The air smells much better out here. One of the smokers mutters something to his companion and they both snicker. I ignore them and hurry down the street, not sure where the underground station is from here. Not caring. My heart is hammering and my face is flushed with rage.
‘Flick!’
Ewan shouts from behind me. I keep going. I hear him catch up with me, though he doesn’t grab my shoulder this time. I whirl around to face him.
‘You don’t care about me at all,’ I say furiously, ‘or about how I feel. You act like an arrogant arse and take me to the most horrible pub in the universe and then when I tell you something important, something that really matters to me, all you can do is grunt. You don’t care about me, that’s fine, but my mother cared about you. She saw something in you and she tried to share it with the world, and you don’t give a shit. I don’t understand why you keep coming after me or why you invited me for a drink.’
His face screws up and he rubs his eyes with both palms. ‘I don’t know. I don’t know why. It was stupid.’
‘You’re telling me!’ I shout at him, and I step backwards. I should go back to Lauren’s, go back to Tillingford, pick up my life again.
All this. For nothing.
I turn away so that Ewan won’t see me crying.
‘I’m sorry,’ Ewan says behind me. ‘I don’t know what I thought would happen. You were just – unexpected. A distraction. It might have been another path.’
‘I’m sorry too,’ I say, and begin
to walk away. He catches my arm.
‘Do something for me,’ he says urgently. ‘I know I don’t deserve it and I know I shouldn’t ask. But do one last thing.’
‘Why should I?’
‘Because you’re right, your mother saw something in me. Because you did.’ I can smell the whisky on his breath. His hand is hot on my arm.

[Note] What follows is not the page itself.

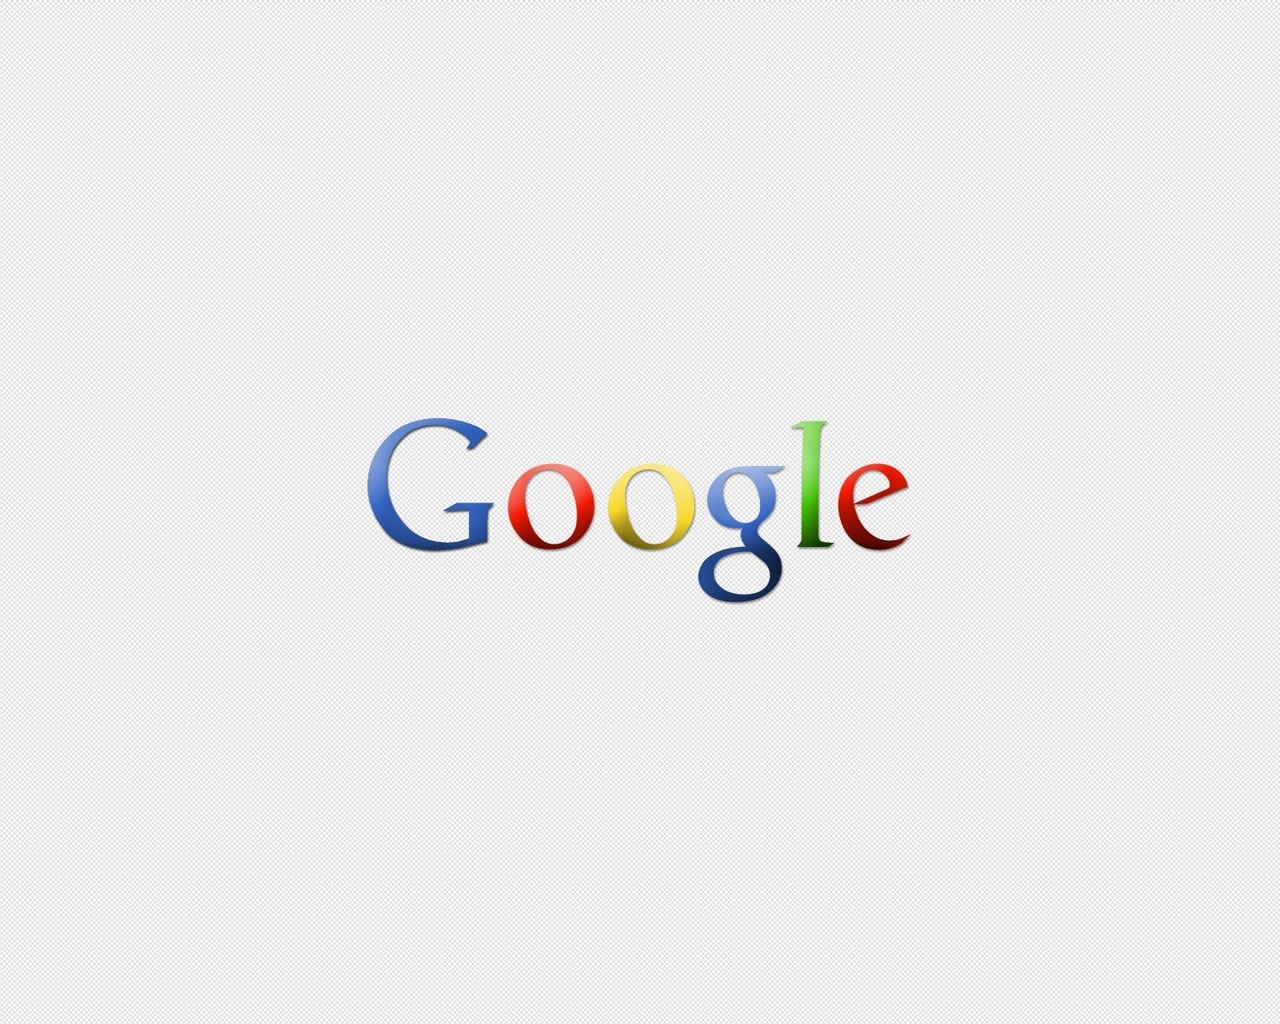 Google for 1280 x 1024 resolution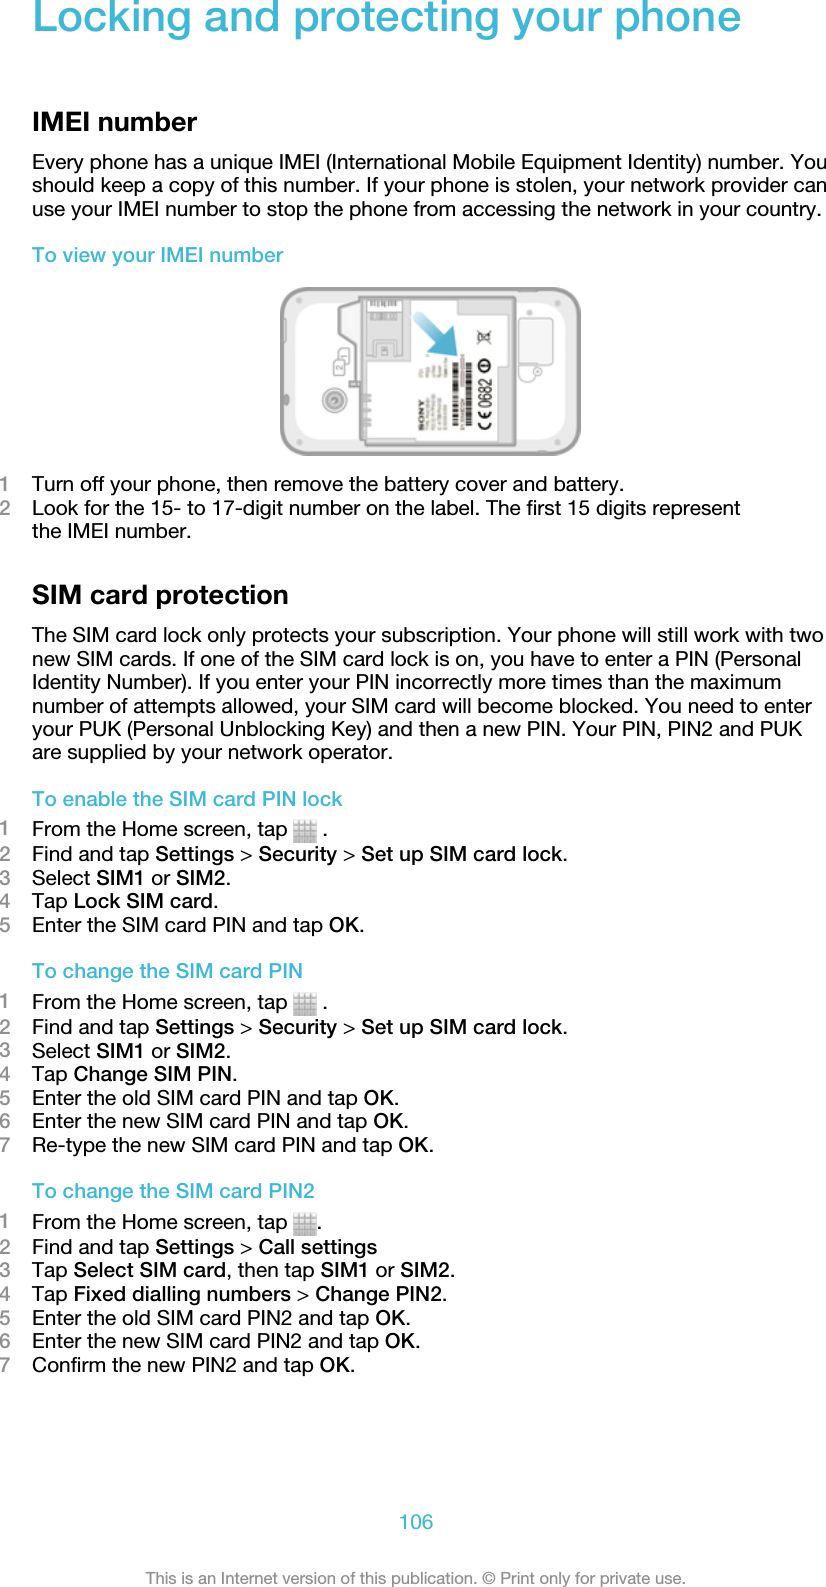 Locking and protecting your phoneIMEI numberEvery phone has a unique IMEI (International Mobile Equipment Identity) number. Youshould keep a copy of this number. If your phone is stolen, your network provider canuse your IMEI number to stop the phone from accessing the network in your country.To view your IMEI number1Turn off your phone, then remove the battery cover and battery.2Look for the 15- to 17-digit number on the label. The first 15 digits representthe IMEI number.SIM card protectionThe SIM card lock only protects your subscription. Your phone will still work with twonew SIM cards. If one of the SIM card lock is on, you have to enter a PIN (PersonalIdentity Number). If you enter your PIN incorrectly more times than the maximumnumber of attempts allowed, your SIM card will become blocked. You need to enteryour PUK (Personal Unblocking Key) and then a new PIN. Your PIN, PIN2 and PUKare supplied by your network operator.To enable the SIM card PIN lock1From the Home screen, tap   .2Find and tap Settings &gt; Security &gt; Set up SIM card lock.3Select SIM1 or SIM2.4Tap Lock SIM card.5Enter the SIM card PIN and tap OK.To change the SIM card PIN1From the Home screen, tap   .2Find and tap Settings &gt; Security &gt; Set up SIM card lock.3Select SIM1 or SIM2.4Tap Change SIM PIN.5Enter the old SIM card PIN and tap OK.6Enter the new SIM card PIN and tap OK.7Re-type the new SIM card PIN and tap OK.To change the SIM card PIN21From the Home screen, tap  .2Find and tap Settings &gt; Call settings3Tap Select SIM card, then tap SIM1 or SIM2.4Tap Fixed dialling numbers &gt; Change PIN2.5Enter the old SIM card PIN2 and tap OK.6Enter the new SIM card PIN2 and tap OK.7Confirm the new PIN2 and tap OK.106This is an Internet version of this publication. © Print only for private use.

‘Agree to meet me on Monday,’ he says. ‘No, Monday’s too early, I could still do it. Tuesday. Agree to meet me Tuesday.’
‘Why?’
‘I can’t tell you, not now. Say you’ll meet me somewhere, anywhere, somewhere away from here. Meet me in Greenwich, near the Meridian Line. That’ll do. At noon.’
His words are so urgent.
‘Why?’ I ask again. ‘I’ve given you enough chances. Can’t you tell me whatever you need to tell me now?’
‘I can’t. And I might not be able to tell you then, either. But if I can’t tell you, I won’t show up.’
‘You want me to agree to meet you all the way over in Greenwich but you might not even be there.’
‘If I’m not there, it won’t be your fault. It’ll be mine. Don’t wait for long. And if I don’t turn up, forget all about me. Forget I even asked you. It’ll be for the best.’
‘I don’t understand.’
‘You don’t need to. I probably won’t be there. Just say you will. Tuesday, at noon. It’ll either be too late, or it won’t.’
This close, I can see more changes in Ewan. There are threads of silver in his hair, at his temples. I don’t recognize his scent.
This intensity, however, I know. The colour of his eyes, too, though they are tired.
‘All right,’ I say. ‘I’ll be there.’
Chapter Fifteen
THE SCENT DOESN’T come until Ewan and I have parted and I’m walking towards the underground station. But then suddenly the air is filled with frangipani and I stop and look around, convinced that Ewan has followed me again, that he’s behind me and is about to put his hand on my shoulder, and this time when I turn around he’ll say all the things that he was supposed to have said. About how he’s missed me and has thought of me all these years. About how he remembers this feeling, this love love love.